On Fri, Dec 26, 2025 at 05:50:59PM -0800, Jiaqi Yan wrote:
> On Mon, Dec 22, 2025 at 9:14 PM Harry Yoo <harry.yoo@oracle.com> wrote:
> >
> > On Fri, Dec 19, 2025 at 06:33:45PM +0000, Jiaqi Yan wrote:
> > > At the end of dissolve_free_hugetlb_folio that a free HugeTLB
> > > folio becomes non-HugeTLB, it is released to buddy allocator
> > > as a high-order folio, e.g. a folio that contains 262144 pages
> > > if the folio was a 1G HugeTLB hugepage.
> > >
> > > This is problematic if the HugeTLB hugepage contained HWPoison
> > > subpages. In that case, since buddy allocator does not check
> > > HWPoison for non-zero-order folio, the raw HWPoison page can
> > > be given out with its buddy page and be re-used by either
> > > kernel or userspace.
> > >
> > > Memory failure recovery (MFR) in kernel does attempt to take
> > > raw HWPoison page off buddy allocator after
> > > dissolve_free_hugetlb_folio.
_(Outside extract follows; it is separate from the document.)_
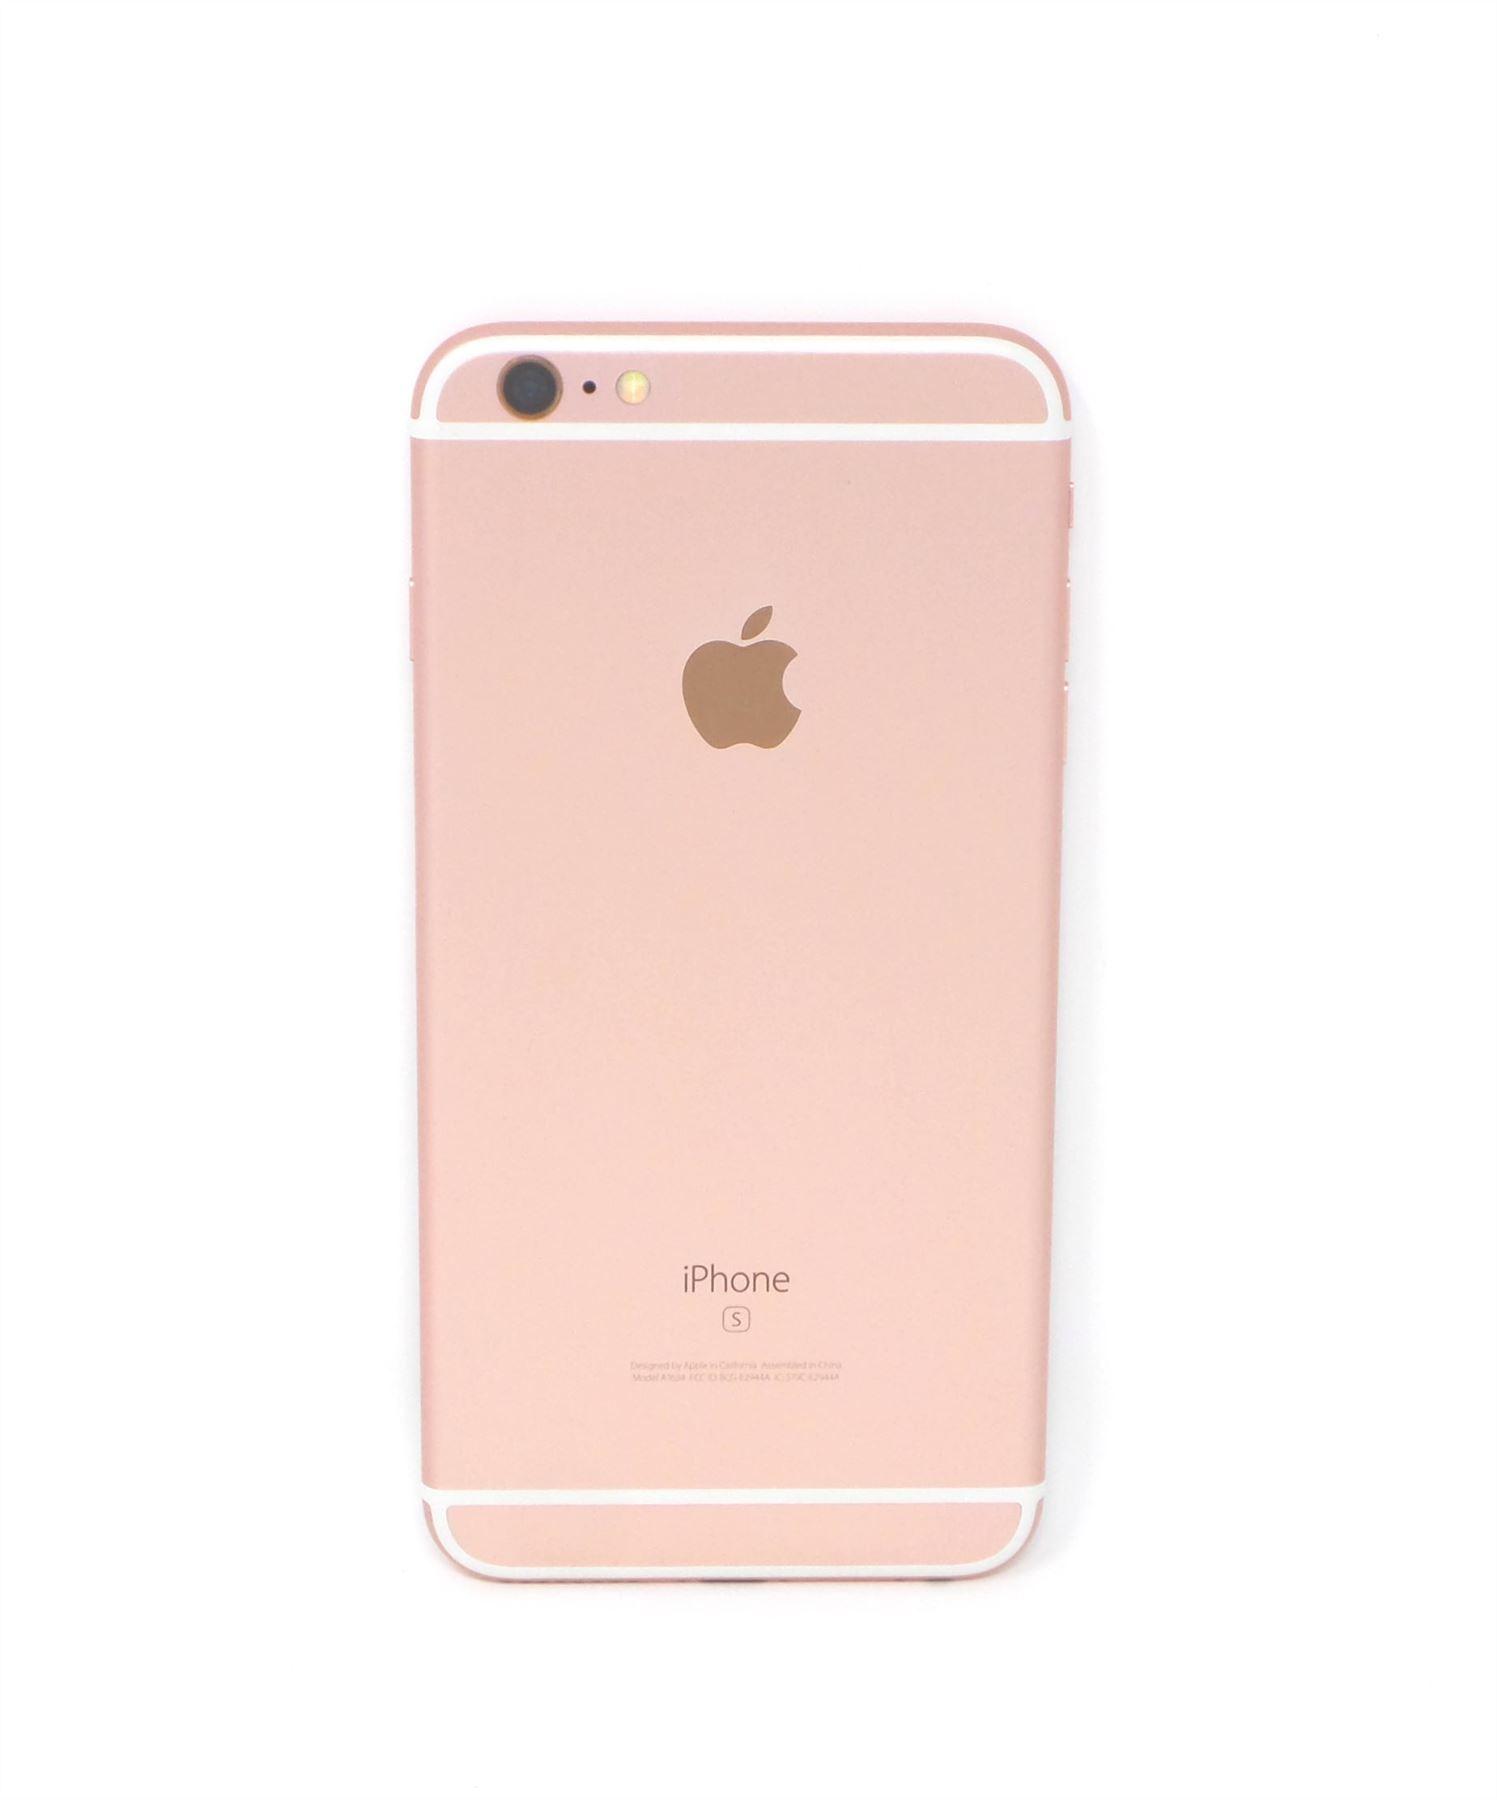 Apple-iPhone-6S-Plus-Carrier-Options-AT-amp-T-T-Mobile-Verizon-Unlocked-16-64-128GB thumbnail 14

However, there is always a time
> > > window between dissolve_free_hugetlb_folio frees a HWPoison
> > > high-order folio to buddy allocator and MFR takes HWPoison
> > > raw page off buddy allocator.
> > >
> > > One obvious way to avoid this problem is to add page sanity
> > > checks in page allocate or free path. However, it is against
> > > the past efforts to reduce sanity check overhead [1,2,3].
> > >
> > > Introduce free_has_hwpoison_pages to only free the healthy
> > > pages and excludes the HWPoison ones in the high-order folio.
> > > The idea is to iterate through the sub-pages of the folio to
> > > identify contiguous ranges of healthy pages. Instead of freeing
> > > pages one by one, decompose healthy ranges into the largest
> > > possible blocks. Each block meets the requirements to be freed
> > > to buddy allocator (__free_frozen_pages).
> > >
> > > free_has_hwpoison_pages has linear time complexity O(N) wrt the
> > > number of pages in the folio. While the power-of-two decomposition
> > > ensures that the number of calls to the buddy allocator is
> > > logarithmic for each contiguous healthy range, the mandatory
> > > linear scan of pages to identify PageHWPoison defines the
> > > overall time complexity.
> >
> > Hi Jiaqi, thanks for the patch!
> 
> Thanks for your review/comments!
> 
> >
> > Have you tried measuring the latency of free_has_hwpoison_pages() when
> > a few pages in a 1GB folio are hwpoisoned?
> >
> > Just wanted to make sure we don't introduce a possible soft lockup...
> > Or am I worrying too much?
> 
> In my local tests, freeing a 1GB folio with 1 / 3 / 8 HWPoison pages,
> I never run into a soft lockup. The 8-HWPoison-page case takes more
> time than other cases, meaning that handling the additional HWPoison
> page adds to the time cost.
> 
> After adding some instrument code, 10 sample runs of
> free_has_hwpoison_pages with 8 HWPoison pages:
> - observed mean is 7.03 ms (5.97 ms when 3 HWPoison pages)
> - observed standard deviation is 0.76 ms (0.18 ms when 3 HWPoison pages)
> 
> In comparison, freeing a 1G folio without any HWPoison pages 10 times
> (with same kernel config):
> - observed mean is 3.39 ms
> - observed standard deviation is 0.16ms

Thanks for the measurement!
 
> So it's around twice the baseline. It should be far from triggering a
> soft lockup, and the cost seems fair for handling exceptional hardware
> memory errors.

Yeah it looks fine to me.

> I can add these measurements in future revisions.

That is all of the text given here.